Shaving in Elin’s immaculate bathroom with its sunken lights and snow-white towels, Strike reflected that he had got off pretty lightly. If he had forgotten to turn up to a date with Charlotte, the woman with whom he had been involved, on and off, for sixteen years, he would have been carrying physical wounds right now, searching for her in the cold dawn, or perhaps trying to restrain her from throwing herself from the high balcony.
He had called what he felt for Charlotte love and it remained the most profound feeling he had had for any woman. In the pain it had caused him and its lasting after-effects it had more resembled a virus that, even now, he was not sure he had overcome. Not seeing her, never calling her, never using the new email address she had set up to show him her distraught face on the day of her wedding to an old boyfriend: this was his self-prescribed treatment, which was keeping the symptoms at bay. Yet he knew he had been left impaired, that he no longer had the capacity to feel in the way that he had once felt. Elin’s distress of the previous evening had not touched him at his core in the way Charlotte’s had once done. He felt as though his capacity for loving had been blunted, the nerve endings severed. He had not intended to wound Elin; he did not enjoy seeing her cry; yet the ability to feel empathetic pain seemed to have closed down. A small part of him, in truth, had been mentally planning his route home as she sobbed.
Strike dressed in the bathroom then moved quietly back into the dimly lit hall, where he stowed his shaving things in the holdall he had packed for Barrow-in-Furness. A door stood ajar to his right. On a whim, he pushed it wider.
The little girl whom he had never met slept here when not at her father’s. The pink and white room was immaculate, with a ceiling mural of fairies around the cornice. Barbies sat in a neat line on a shelf, their smiles vacant, their pointy breasts covered in a rainbow of gaudy dresses. A fake-fur rug with a polar bear’s head lay on the floor beside a tiny white four-poster.
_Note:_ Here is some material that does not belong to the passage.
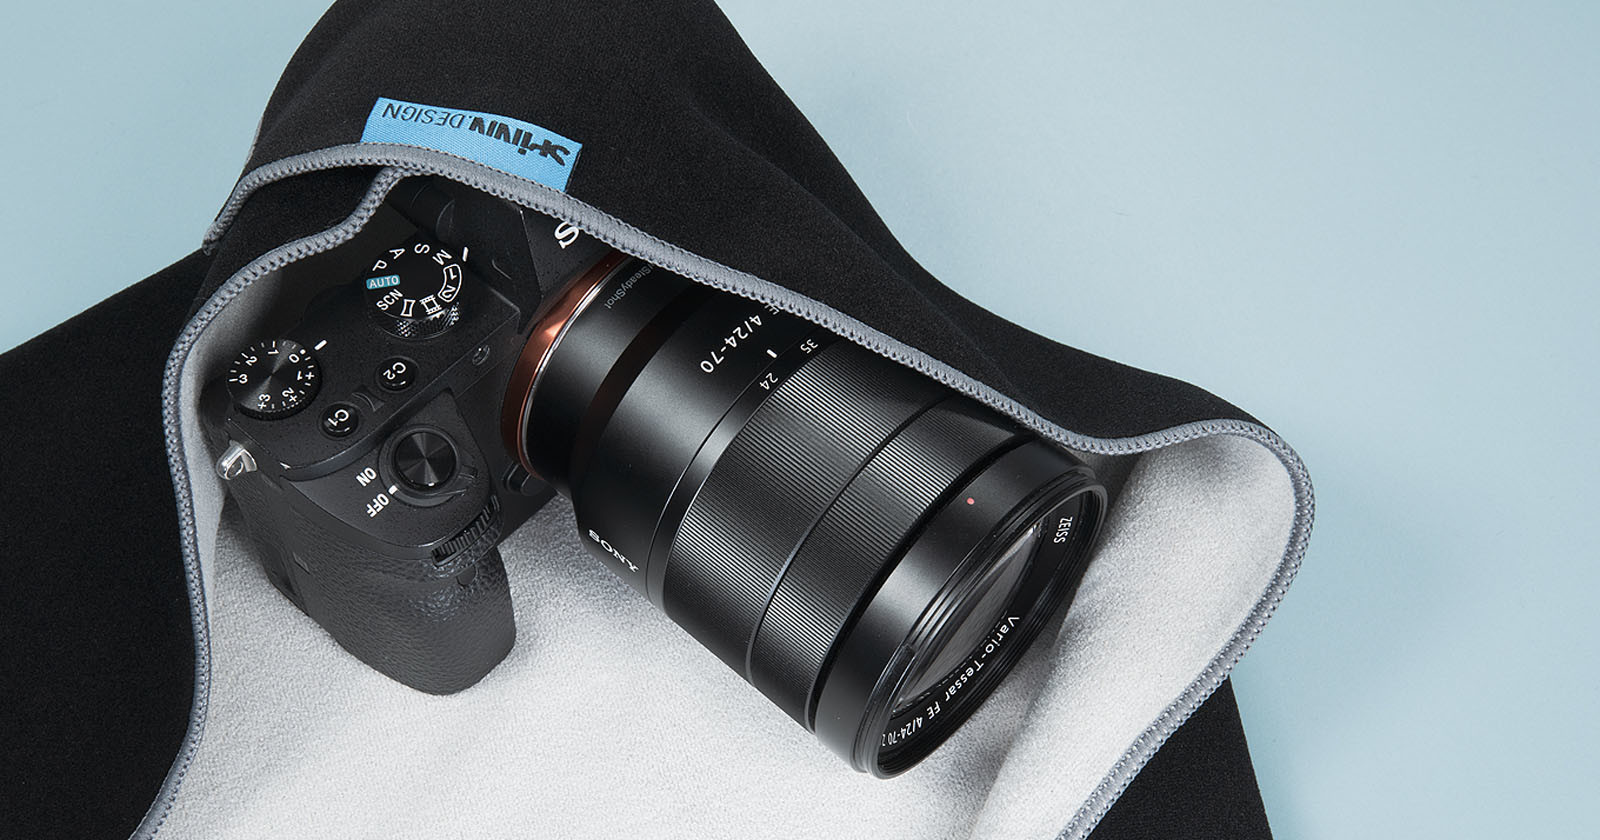 The Spinn CW.01 is a Soft Yet Self-Adhesive Protective Wrap for Cameras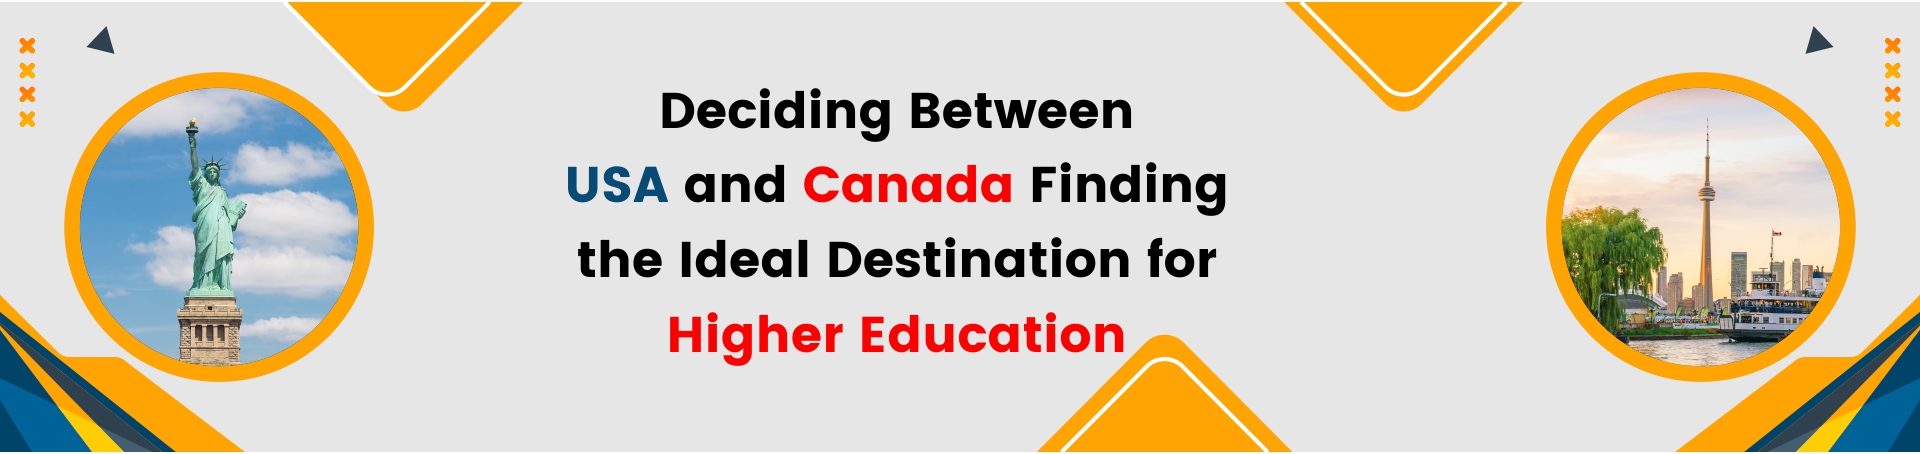 Deciding Between USA and Canada: Finding the Ideal Destination for Higher Education

Strike knew hardly any little girls. He had two godsons, neither of whom he had particularly wanted, and three nephews. His oldest friend back in Cornwall had daughters, but Strike had virtually nothing to do with them; they rushed past him in a blur of ponytails and casual waves: “Hi Uncle Corm, bye Uncle Corm.” He had grown up, of course, with a sister, although Lucy had never been indulged with sugar-pink-canopied four-posters, much as she might have wanted them.
Brittany Brockbank had had a cuddly lion. It came back to him suddenly, out of nowhere, looking at the polar bear on the floor: a cuddly lion with a comical face. She had dressed it in a pink tutu and it had been lying on the sofa when her stepfather came running at Strike, a broken beer bottle in his hand.
Strike turned back to the hall, feeling in his pocket. He always carried a notebook and pen on him. He scribbled a brief note to Elin, alluding to the best part of the previous night, and left it on the hall table so as not to risk waking her. Then, as quietly as he had done everything else, he hoisted his holdall onto his shoulder and let himself out of the flat. He was meeting Robin at West Ealing station at eight.